A Coromandel suburb - one with a message from Tutu that is always worth sharing.
Then there’s the beaches, especially the West Coast beaches, and the “bush” ie the native forest of the Waitakeres. These factors mark Auckland as distinct from LA and any other city I know – both dynamic and vulnerable: when I last visited two years ago constant heavy rain saw roads collapsing and houses sliding off hillsides. Climate change will ensure more turmoil is wreaked here, and across the South Pacific, especially upon the smaller islands.
Aotearoa – the Maori name for these islands that apparently translates as “land of the long white cloud” (now “land of the wrong white crowd” to Maori activists) - has been piecing together its identity as a post-colonial, South Pacific nation in fits and starts. Right now the governing coalition of centrist conservatives and libertarian zealots are playing an anti-Maori card that’s fiercely divisive: Waitangi Day, our national day that celebrates the signing of the Treaty of Waitangi (between Maori tribes and representatives of the British Crown in 1840 – a treaty subsequently broken by the British state) just passed on Thursday with lots of heated voices.

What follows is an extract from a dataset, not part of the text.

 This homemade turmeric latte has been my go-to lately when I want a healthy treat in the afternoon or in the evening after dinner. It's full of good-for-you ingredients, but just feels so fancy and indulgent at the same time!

Aotearoa is mad, bad, happy, sad, beautiful, ugly, welcoming, insecure, friendly, tense, loving, frustrating, inspiring, infuriating, a cosy place to live if you have a decent job and very challenging if you don’t (like much of the world), a place of remarkable energies and much creativity and the world’s finest pies! And fabulous fish & chips. I’m happy to be back. While the sun is shining, at least.

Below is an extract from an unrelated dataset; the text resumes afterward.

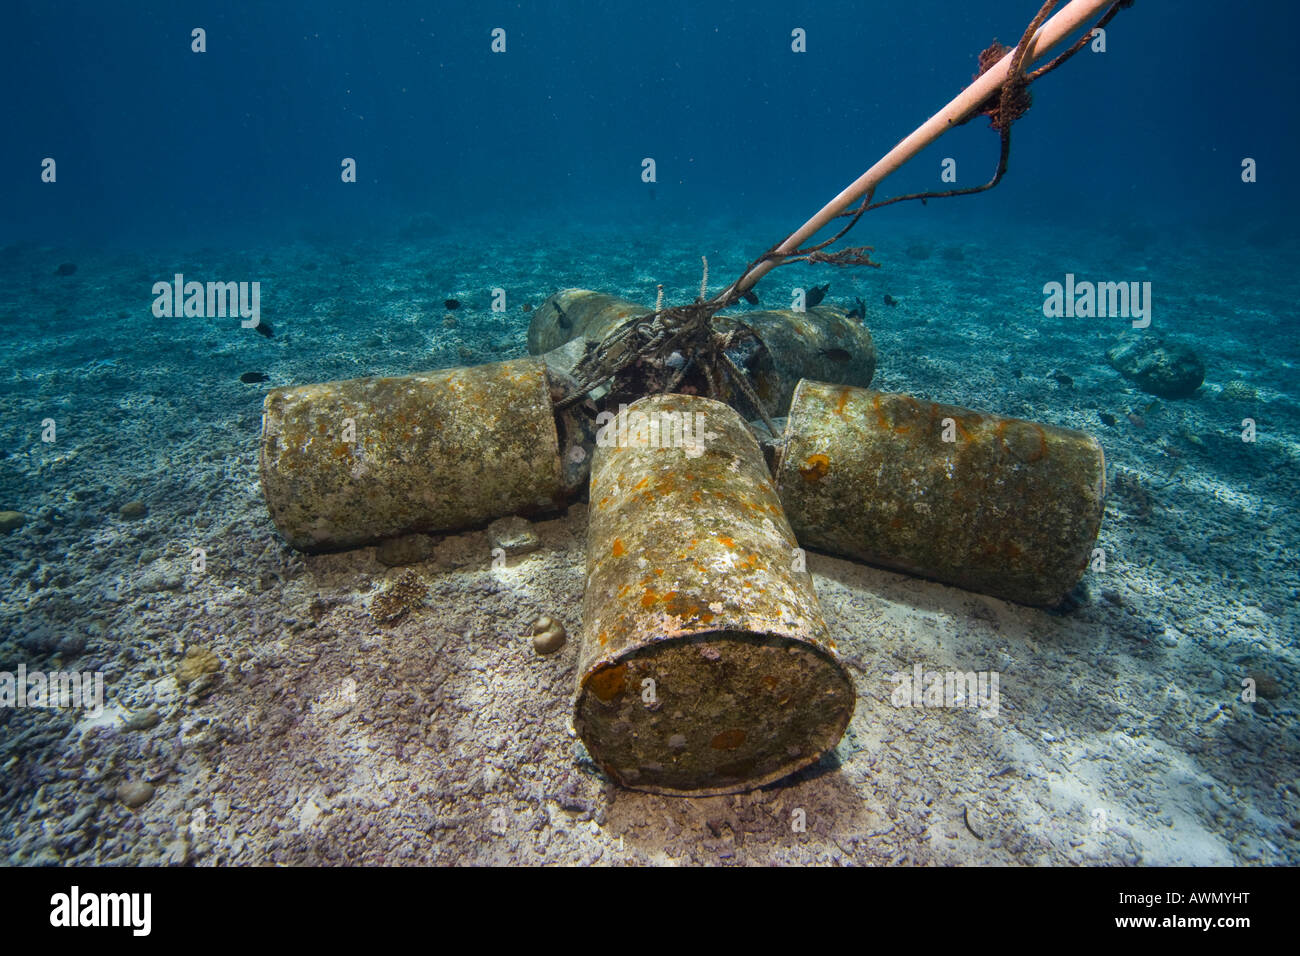 Barrels used to anchor a buoy on the ocean floor, Bunaken, Indonesia, Southeast Asia, Asia Stock Photo

Right now I should be introducing you to a cutting edge Kiwi musician I think everyone should check out. But I’m not yet up on my new New Zealand talent. So I’d like to introduce you to Joshua Idehen – he’s a British Nigerian spoken word artist who has broken through (to a degree) with Mum Does The Washing, an extremely witty (and incisive) take on laundry and how you can interpret all shades of humanity/ideology via such (with a tasty, minimalist techno pulse).

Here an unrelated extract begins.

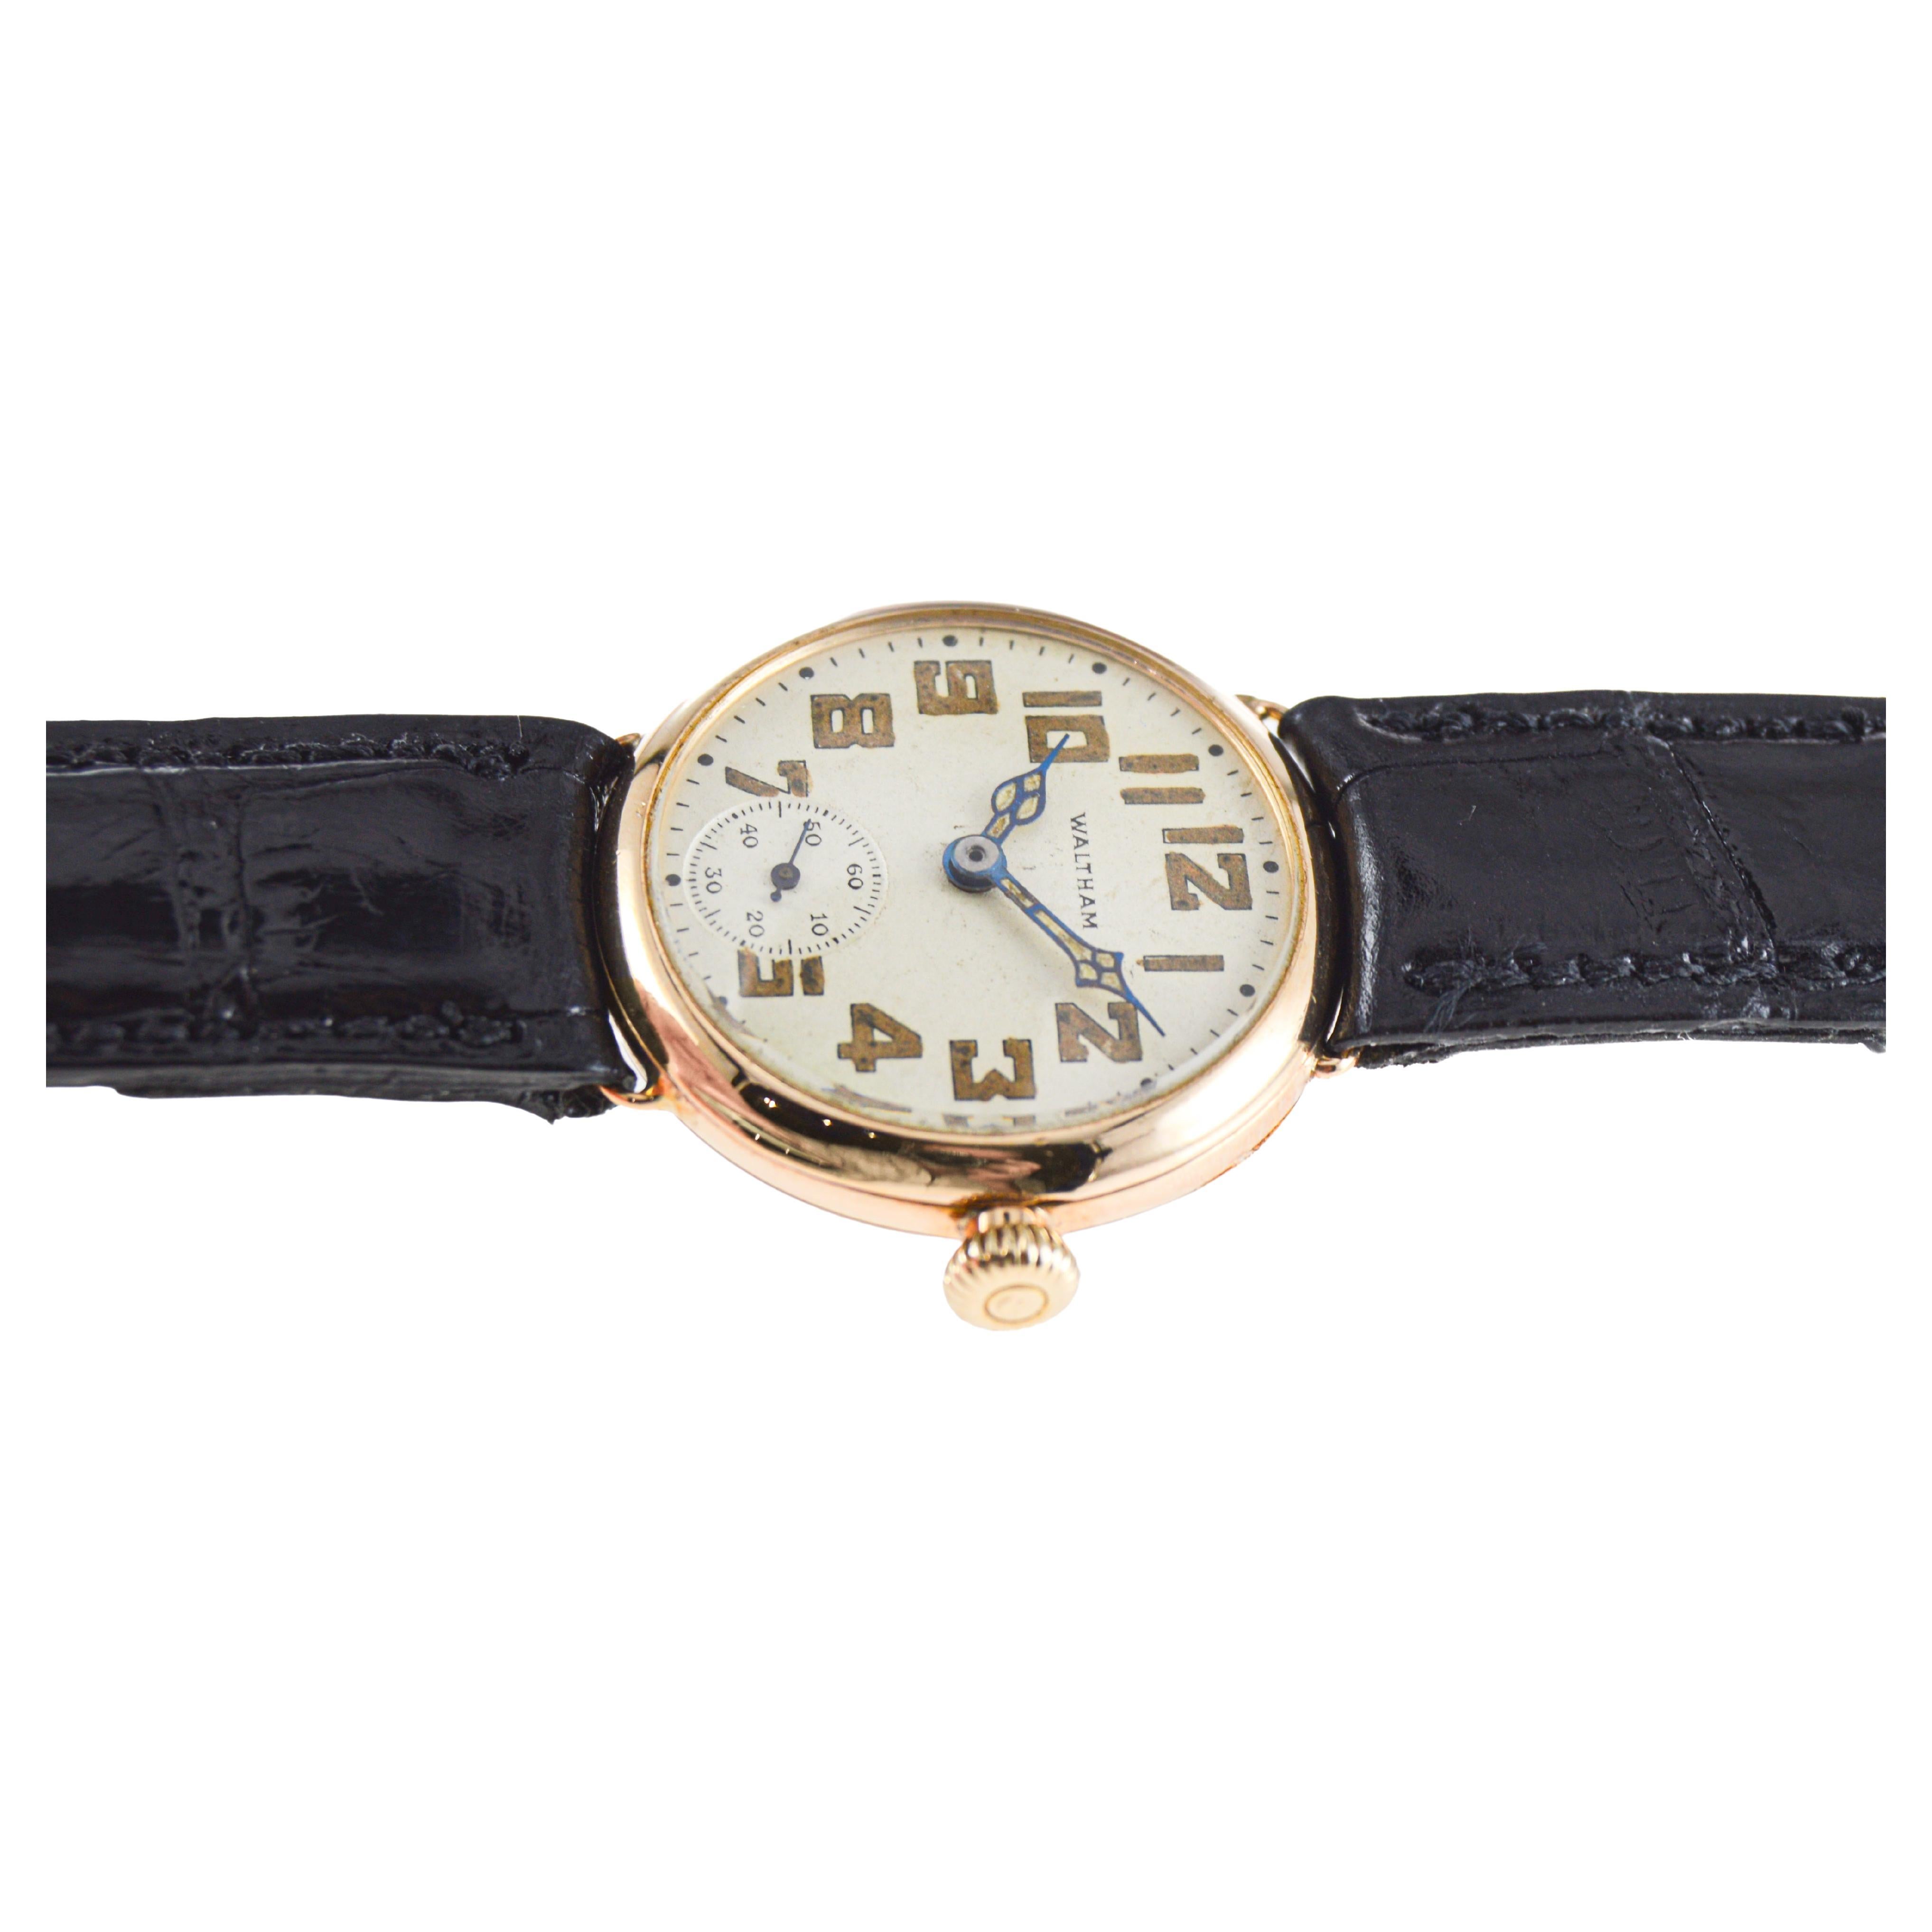 Women's or Men's Waltham 14Kt. Solid Gold Art Deco Watch with Original Dial from 1910  For Sale

I first heard Joshua on Jamz Supernova’s 6 Music show – Jamz plays contemporary dance music from across the globe, spinning tunes I’m unlikely to hear otherwise – and I liked Idehen so much I posted the video on FB. To which I received zero response. Oh well, must be too niche I thought. I then sent it to my Nigerian ex who has 3 munchkins - lots of mum doing the washing going on there - and, again, received no response. Maybe it sucks, I wondered, to everyone but me.
Then Cerys came to the rescue and played it on her 6 Music show. She later mentioned getting a huge response from listeners. So it’s not just me – whew! Anyway, this is the freshest tune I’ve heard in 2025. And as I often write about old music I thought I’d share Joshua’s very new one with you. Enjoy (I hope)!
Mum and I wish you all a very sunny Sunday!
Same with the ’Mum Does the Washing’ post on fb. I got 0 views and 0 likes. Such a great track.
Yep. I guess Cerys and Jamz are seen as "specialist" - hard to imagine it on R1 or R2!